While many people are dying to lose weight, they don’t mean it literally. Sadly, that is one possibility that could happen with a weight loss program that includes daily doses of the hormone, human chorionic gonadotropin (hCG). This decades-old dieting program is making a comeback. As of 2010, advertisements were all over the Internet touting this weight loss program that features a hormone that comes from the urine of pregnant women.
Could Be Dangerous
The hCG weight loss program that was developed by Albert T.W. Simeons, M.D., requires that dieters eat no more than 500 calories a day and take daily injections of hCG. Unfortunately, the body cannot lose a massive amount of weight in a short time only because of limiting calories to 500 a day, says Philip A. Mackowiak, M.D., of the University of Maryland. What can lead to such massive weight loss in such a short time can be due to a condition known as thyrotoxicosis. With that condition, the body’s metabolism will speed up, causing sudden weight loss accompanied by an irregular heartbeat, sweating and irritability, says Mackowiak.
The hCG diet program went out of vogue in the 1970s but saw a resurgence in 2007 after a book called “The Weight Loss Cure ‘They’ Don’t Want You To Know About,” by Kevin Trudeau, came out. The Food and Drug Administration (FDA) approved hCG in 1985 for infertility treatments and testosterone stimulation in men only. Dieting is an off-label use of the drug.
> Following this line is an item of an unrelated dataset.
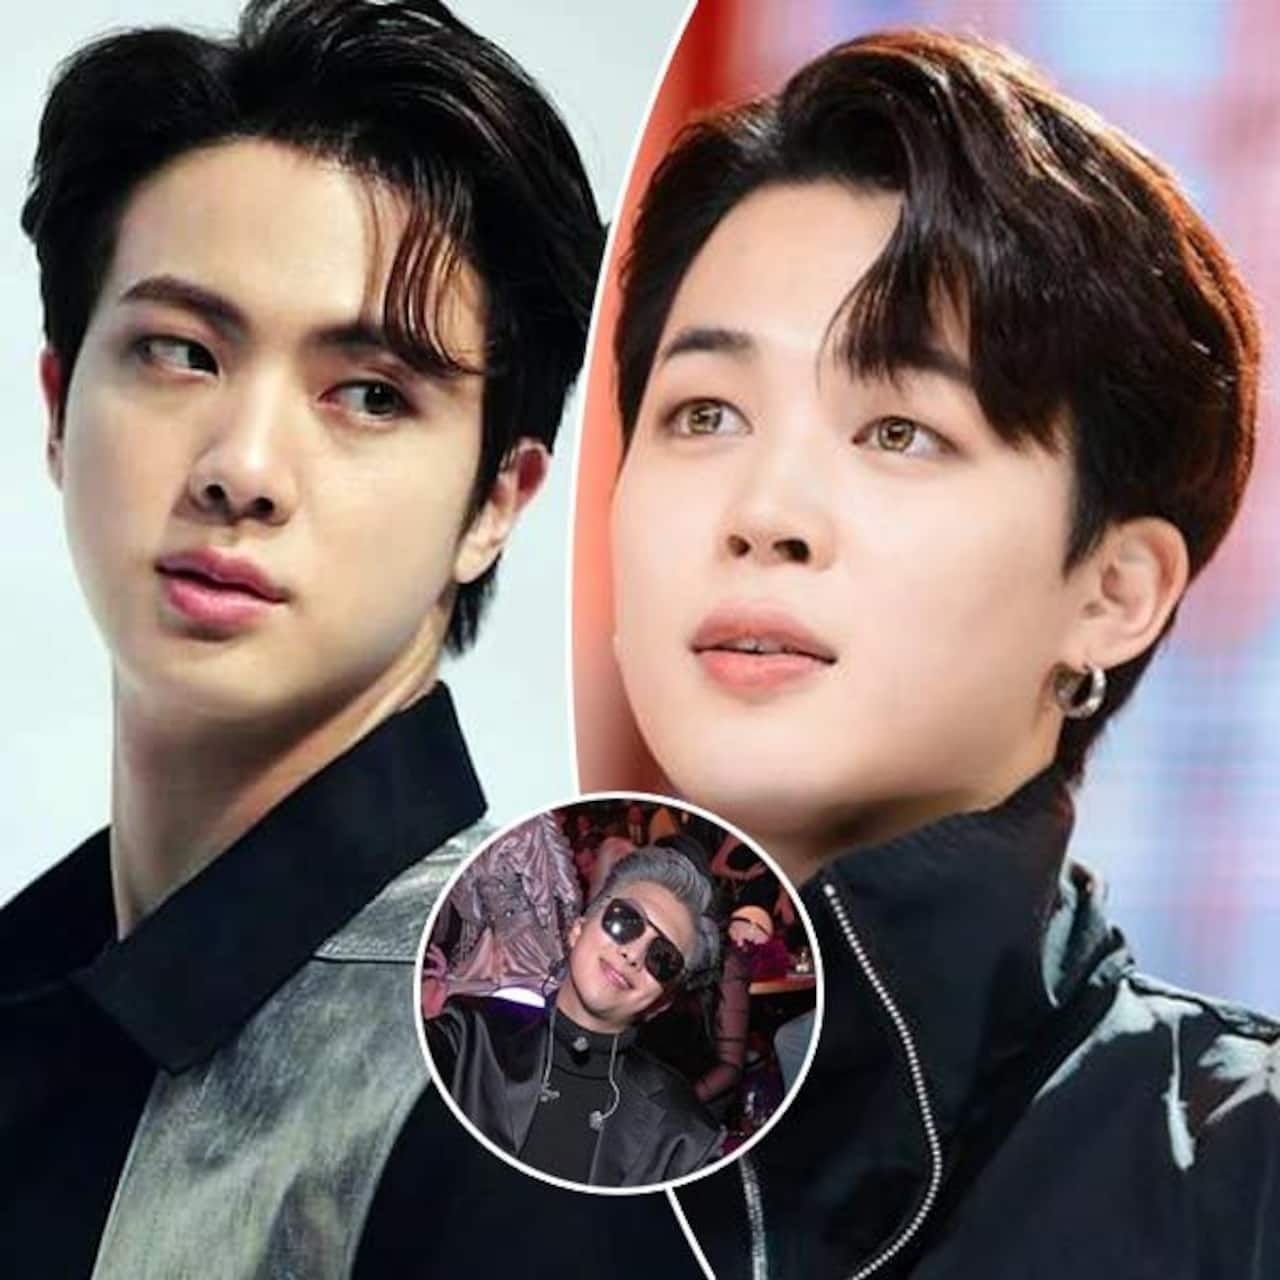 Jin- Jimin echo ARMYs' sentiment, gush over RM's mafia boss look from the Grammys 2022

HCG can cost around $450 for 18 syringes and a supply of hCG to take home with you, as of 2008, according to Columbia University. While sales are high at some pharmacies and clinics, some doctors are not forthcoming that they prescribe it, according to Columbia University.
The hCG diet can have “significant metabolic consequences,” says Michael Steelman, M.D., and a former chairman of the American Society of Bariatric Physicians. The best he could say about using it for dieting is that it is controversial. In addition, no peer-review study has shown it to be effective.
It’s up to you to decide if you want to take hCG based on ads that promise an average weight loss of 26 lbs. in 26 days, with no heavy exercise, or listen to doctors who have nothing to gain by warning you against going on it. In 1976, the Federal Trade Commission required a warning label, similar to the ones cigarette companies must use, on hCG, basically stating that there is no evidence that it works.